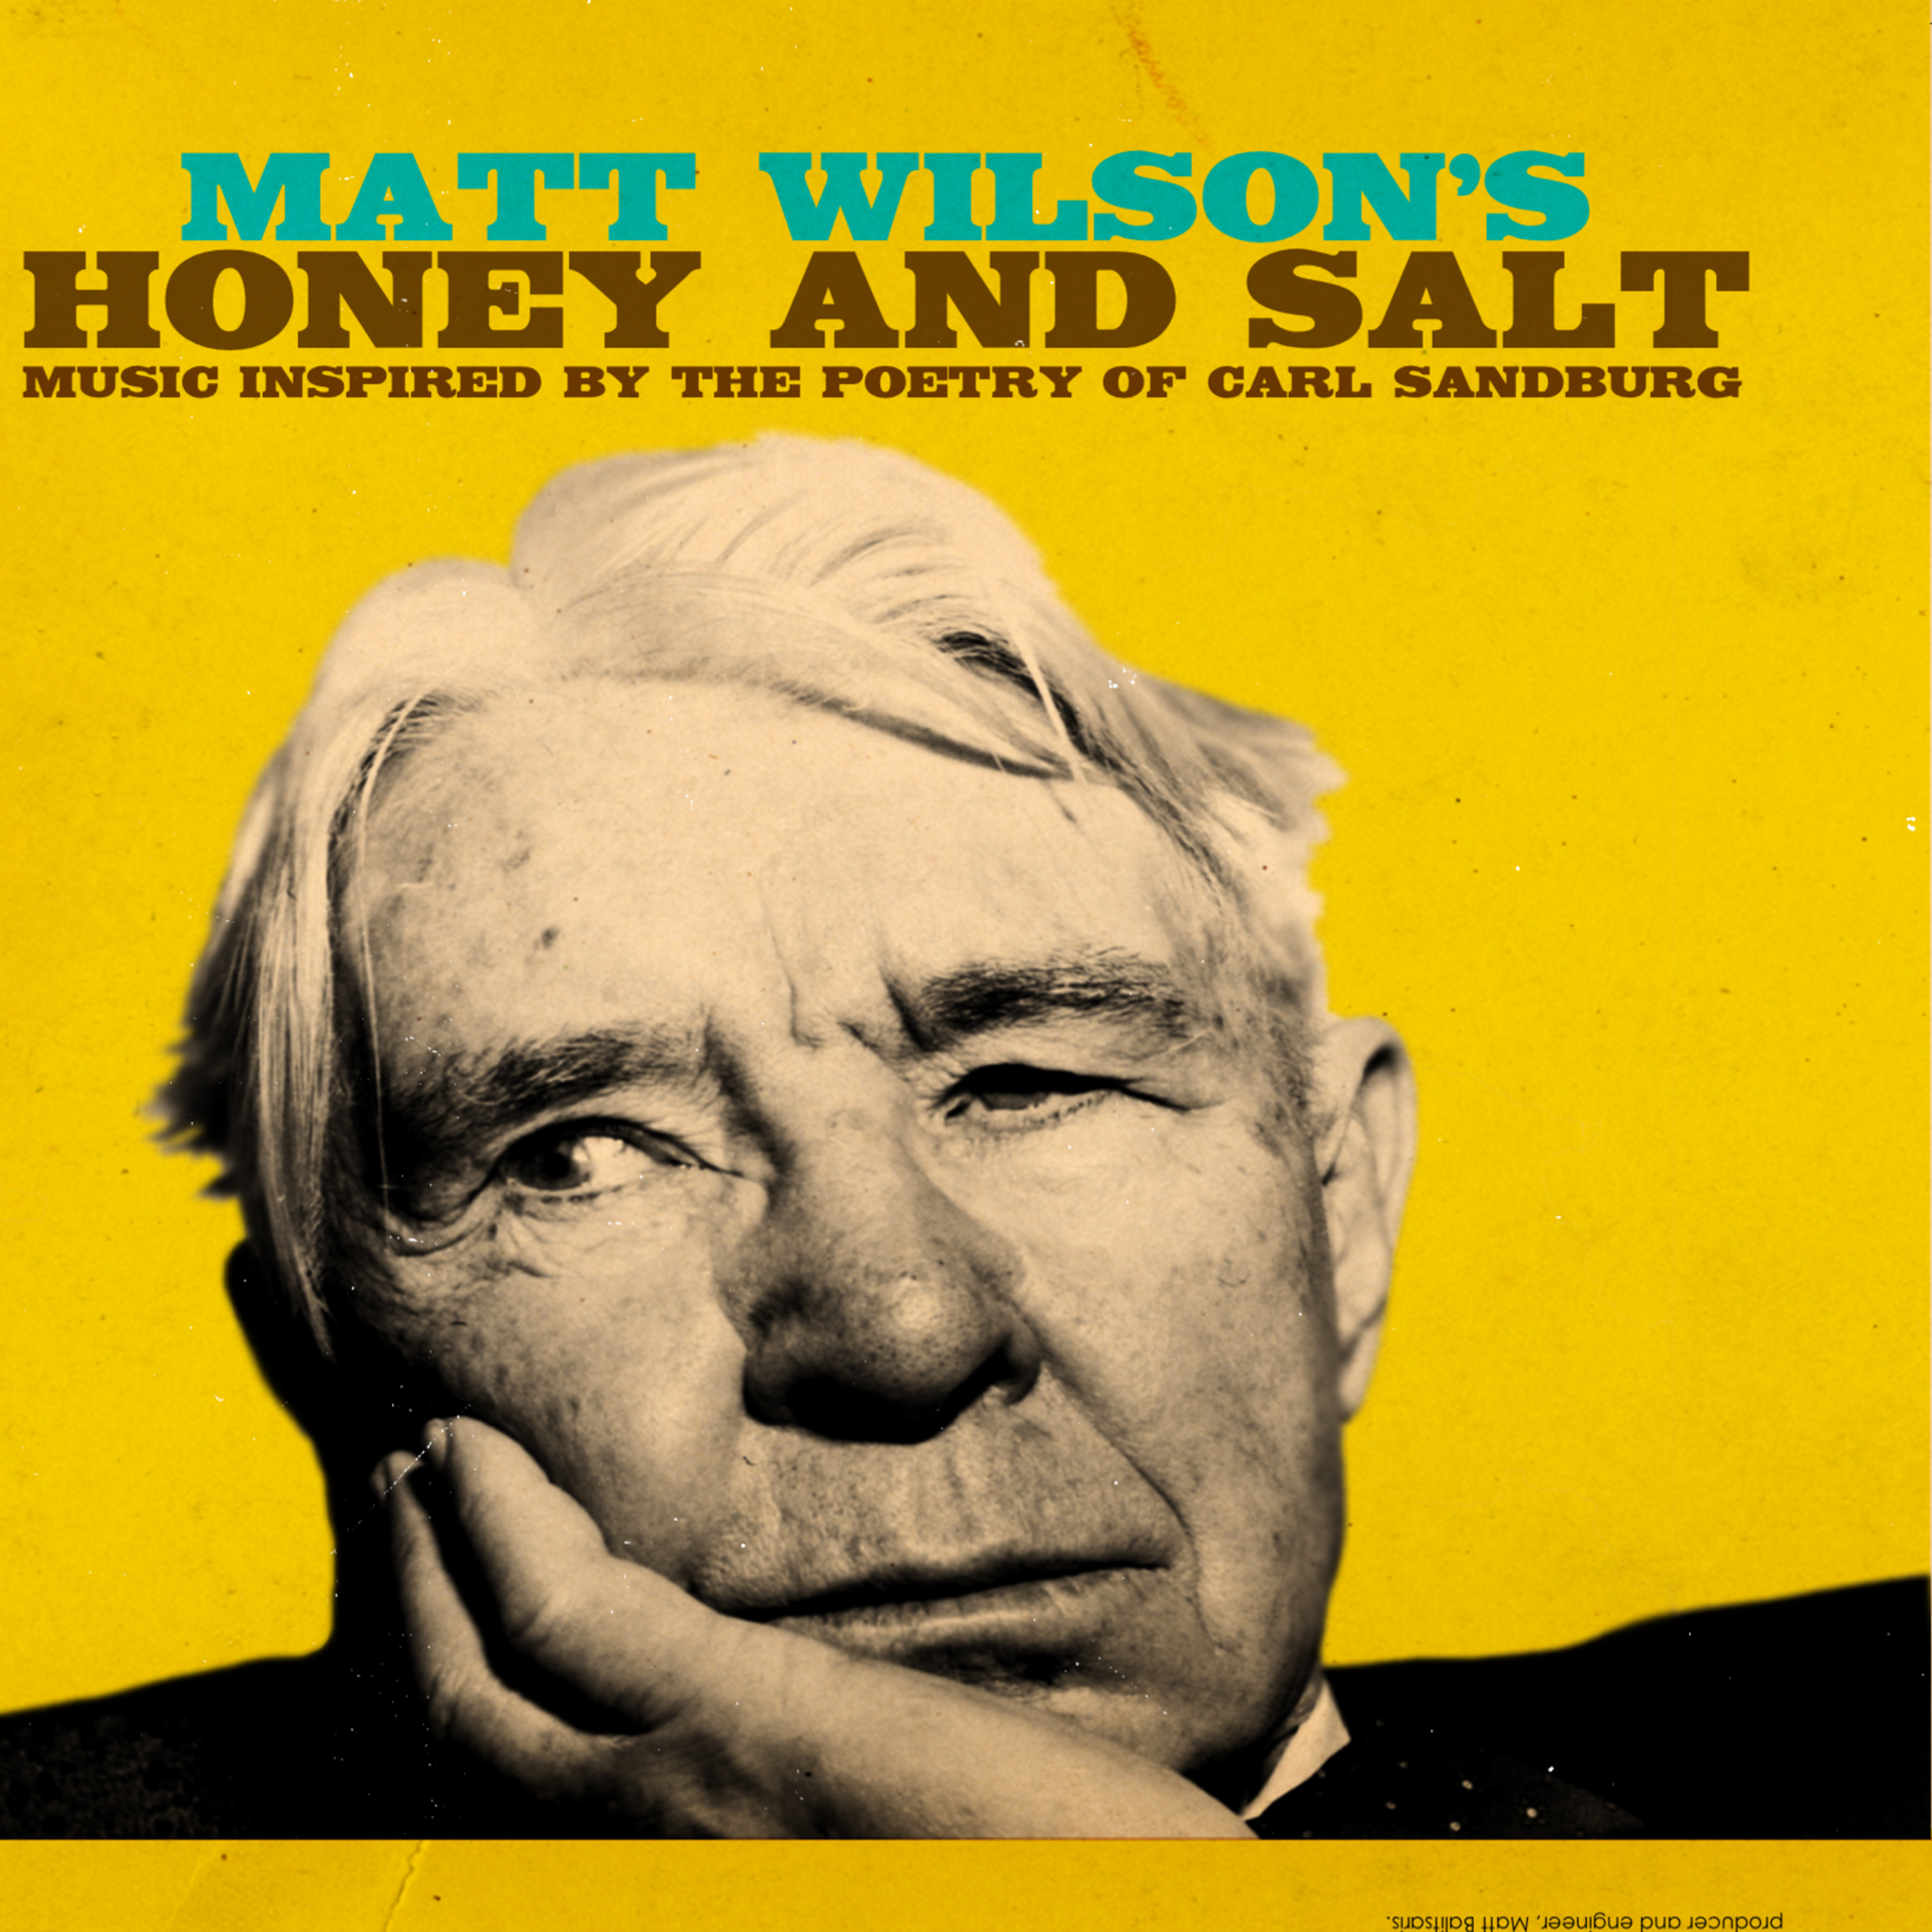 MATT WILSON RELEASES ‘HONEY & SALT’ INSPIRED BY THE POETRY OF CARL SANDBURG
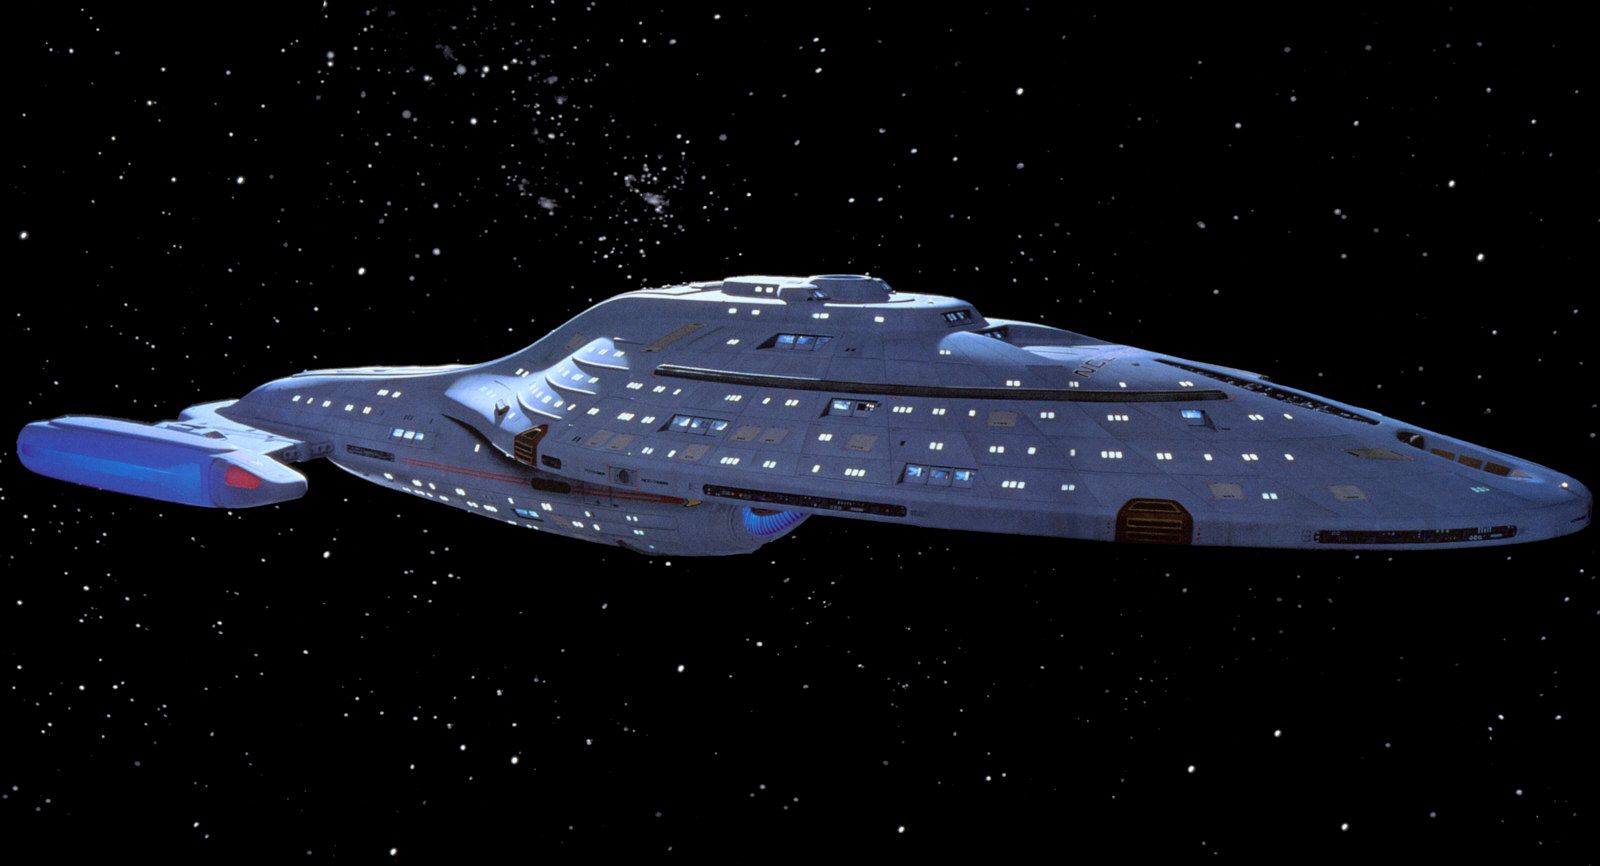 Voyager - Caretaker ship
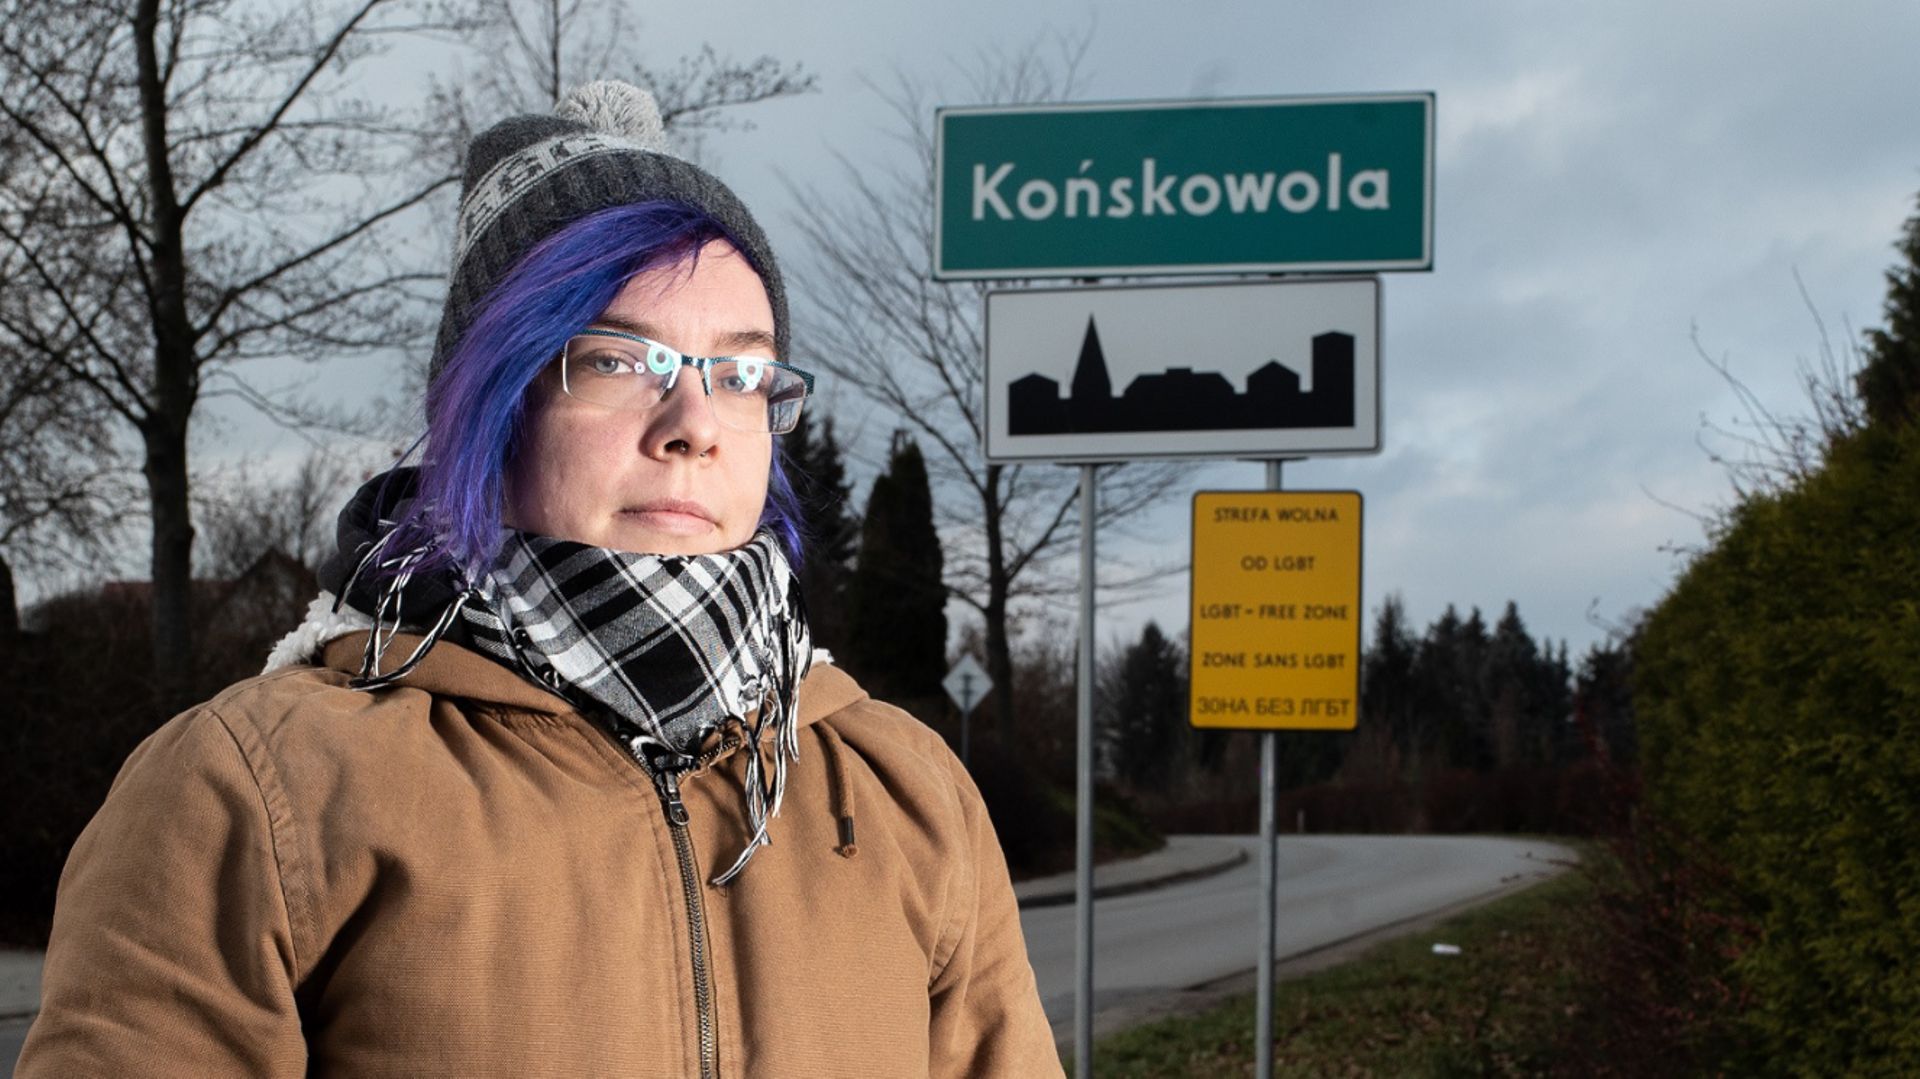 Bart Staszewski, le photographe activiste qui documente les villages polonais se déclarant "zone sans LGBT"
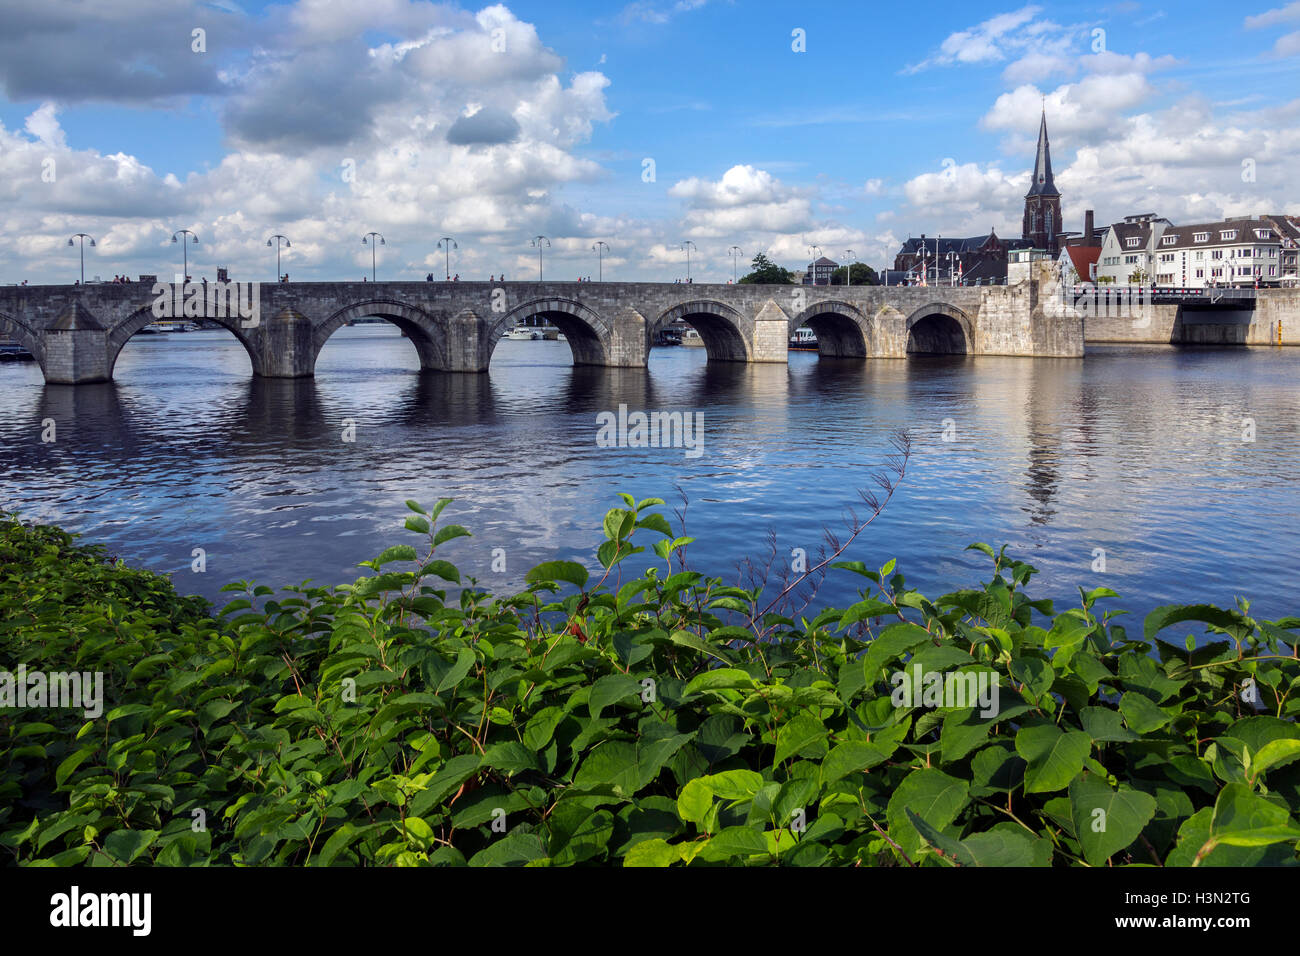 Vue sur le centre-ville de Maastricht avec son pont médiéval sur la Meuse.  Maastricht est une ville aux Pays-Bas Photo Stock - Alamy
# # #
TASK DIRECTIONS »
Leave the pictures out and return the rest of the material exactly.

EXERCISE RESULT »
 MATT WILSON RELEASES ‘HONEY & SALT’ INSPIRED BY THE POETRY OF CARL SANDBURG
 Voyager - Caretaker ship
 Bart Staszewski, le photographe activiste qui documente les villages polonais se déclarant "zone sans LGBT"
 Vue sur le centre-ville de Maastricht avec son pont médiéval sur la Meuse.  Maastricht est une ville aux Pays-Bas Photo Stock - Alamy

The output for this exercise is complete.